Additional Information

Executive Summary

The Malaysian personal accident and health insurance segment accounted for a 5.4% share of the insurance industry’s written premiums in 2012, the lowest share of all the segments. Rising levels of healthcare expenditure, increasing employment rates and industrial growth drove growth in the segment during the review period (2008–2012). The value of the segment increased from MYR1.4 billion (US$0.41 billion) in 2008 to MYR2.0 billion (US$0.66 billion) in 2012, at a compound annual growth rate (CAGR) of 10.1%. The Malaysian healthcare system comprises public and private healthcare services and the aging population is expected to drive the segment over the forecast period, due to an increase in demand for cover.

The personal accident and health segment is moderately concentrated, with the 10 leading insurers collectively accounting for 66.3% of premiums in 2012. The costs associated with private healthcare exclude participation from lower income demographics. However, with industrial growth, positive employment opportunities and rising GDP, the nation’s middle class population is expected to increase over the forecast period and drive growth in the personal accident and health segment.

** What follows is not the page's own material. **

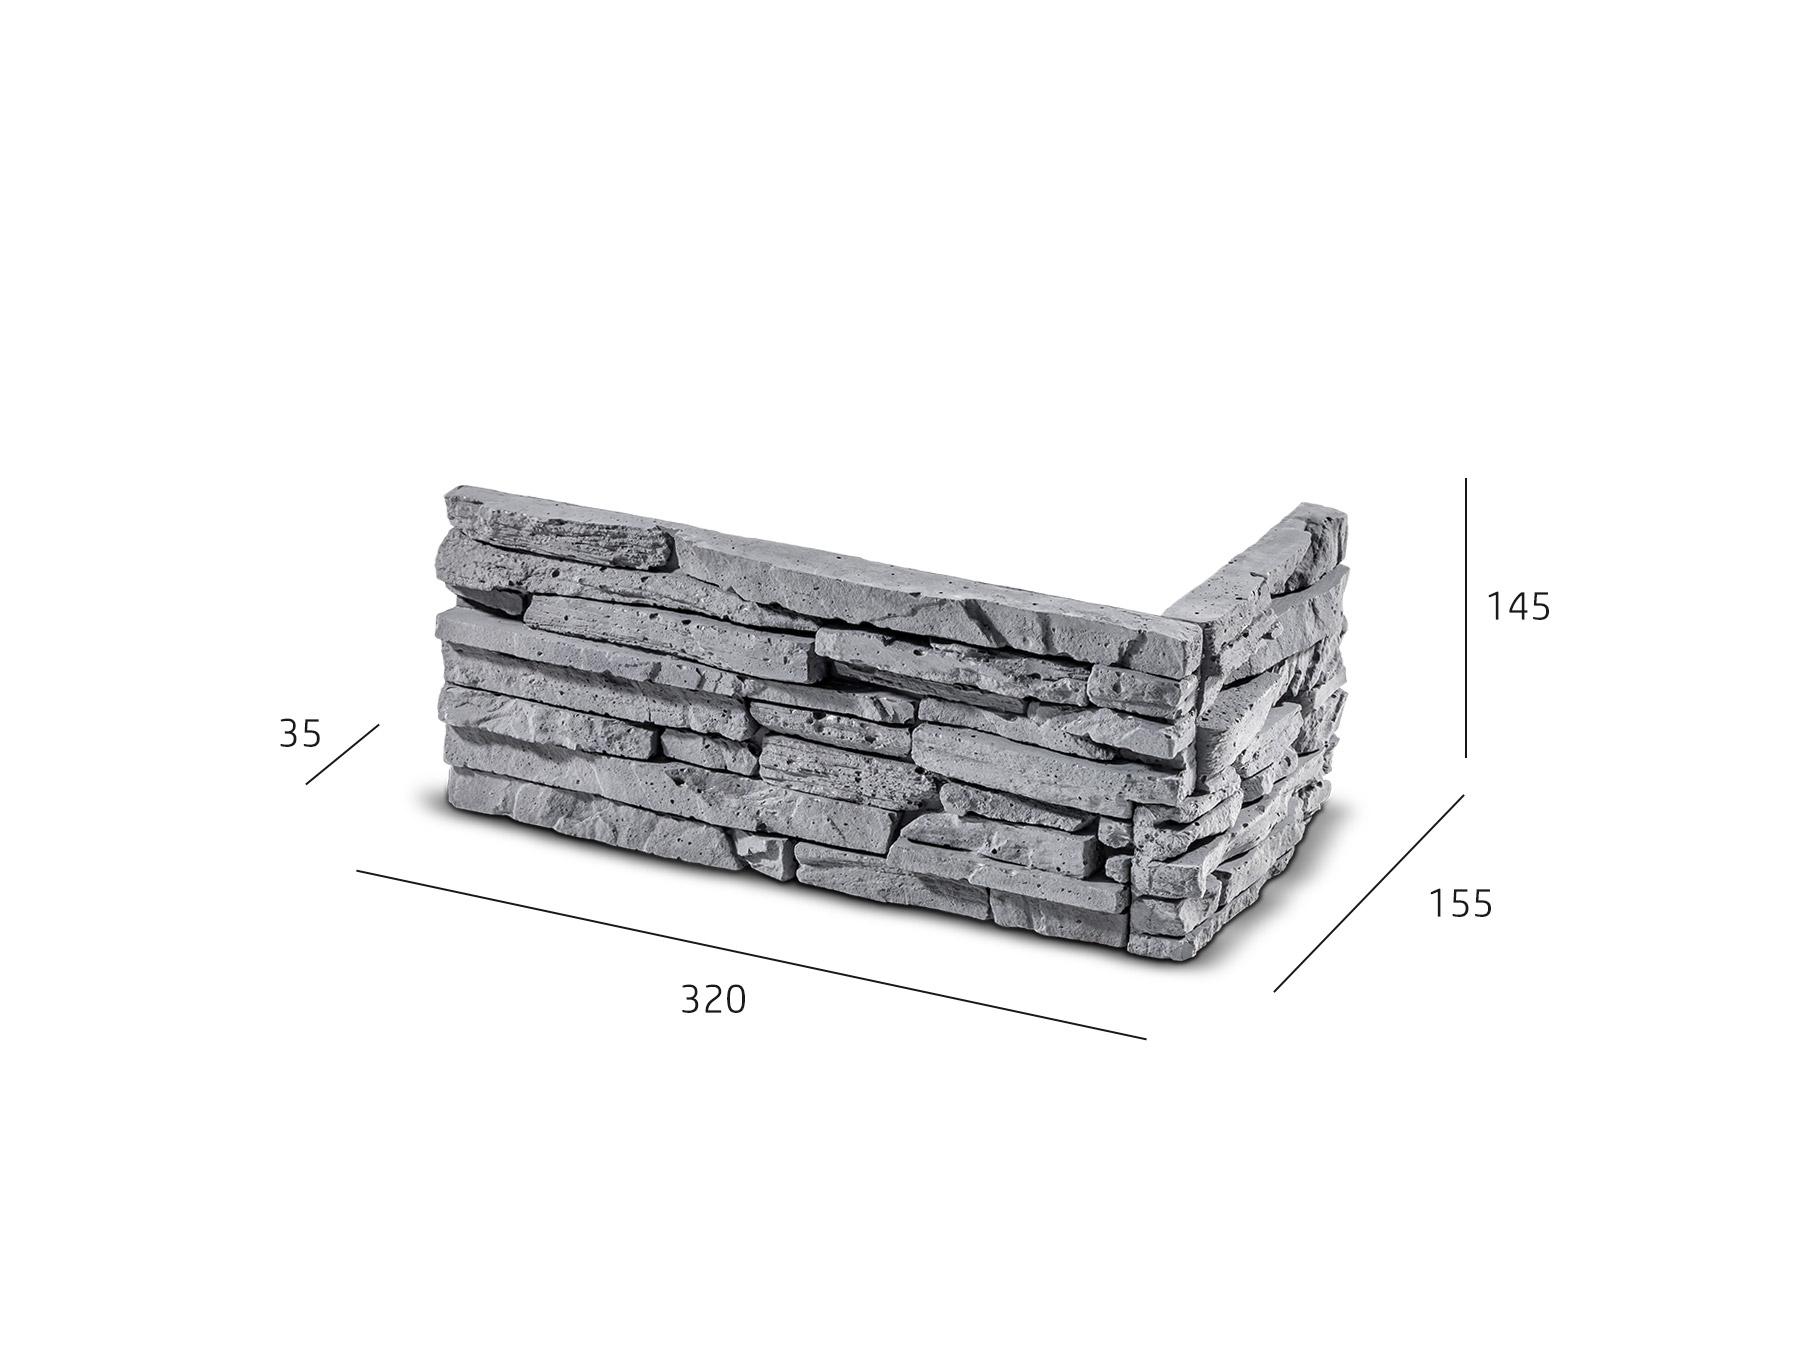 ROH Kamenný obklad CUBANA grafit 320x155x145x35 mm Beton balení 0,87bm

Rising consumer healthcare expenditure and limitations of public healthcare system will provide new areas of growth

Changing lifestyle patterns and an increase in the prevalence of a number of common diseases led to a rise in consumer expenditure on private health insurance during the review period, with an increasing proportion of the country’s population opting for voluntary medical policies, some of which are provided by employers. The main reason behind the rise in healthcare expenditure can be attributed to the fact that consumers are inclined to avail private healthcare in order to receive a better quality service. Private healthcare is therefore gaining in popularity, despite the guarantee of care under the government’s public healthcare system.

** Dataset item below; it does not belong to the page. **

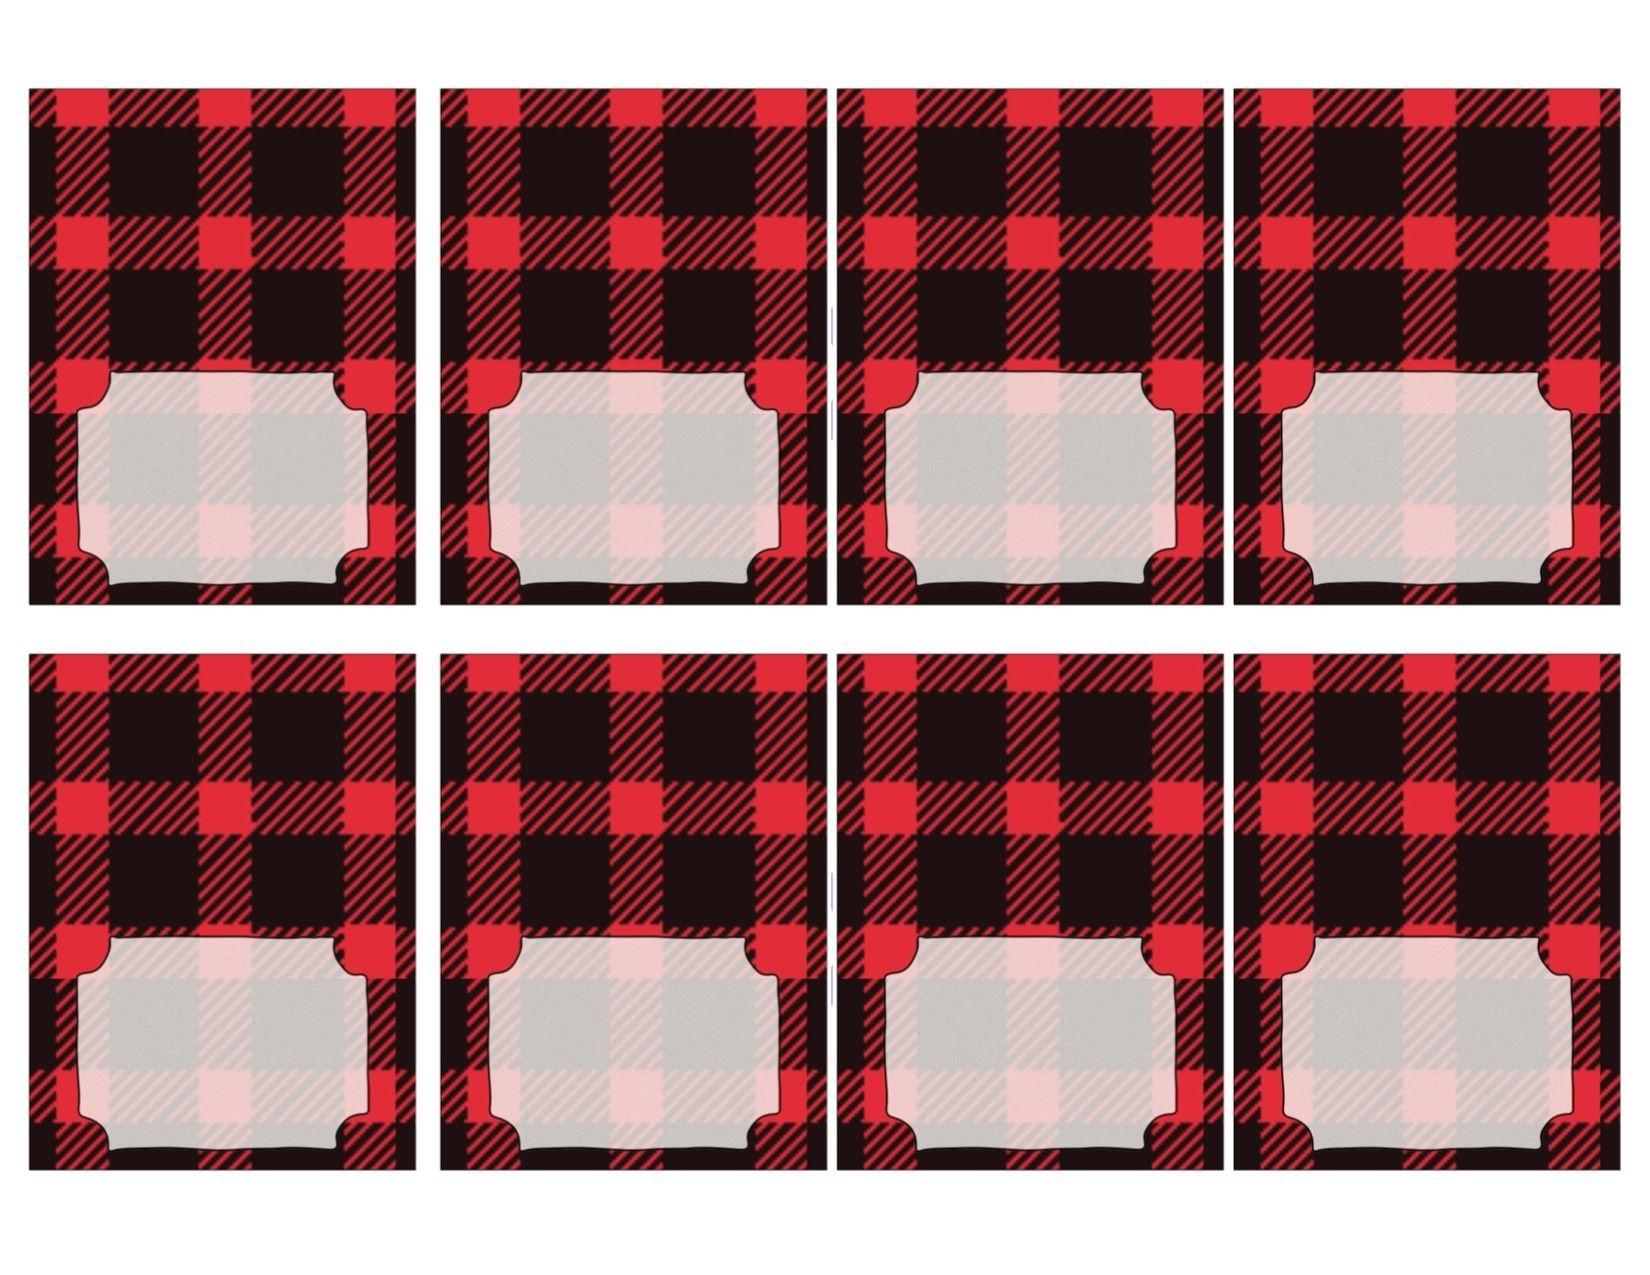 Lumberjack Food Labels Free Printable | Owens First Birthday - Lumberjack Printables Free

The government’s healthcare initiatives ensure health insurance for the foreign working population. However, the insufficient number of public healthcare centers and technological limitations encourage foreign workers to purchase private health insurance. Overall, healthcare expenditure per capita increased from US$306.4 in 2008 to US$346.0 in 2011, at a CAGR of 4.1%

Rising life expectancy and aging population will drive growth

Increasing life expectancy was a key driver of growth in the personal accident and health segment during the review period. Life expectancy is used to calculate the premium to be paid by policyholders when purchasing a life and personal accident and health insurance policy. According to World Bank data, in 1960, the average life expectancy of a Malaysian male was 59.4 years, and for females it was 60.3 years. In 2011, this figure reached 72.1 years for men and 76.5 years for women. Life expectancy is expected to increase further by the end of the forecast period. This trend indicates a need for insurers to provide medical plans to cover policyholders beyond the current life expectancy, which will contribute towards the growth of the personal accident and health segment.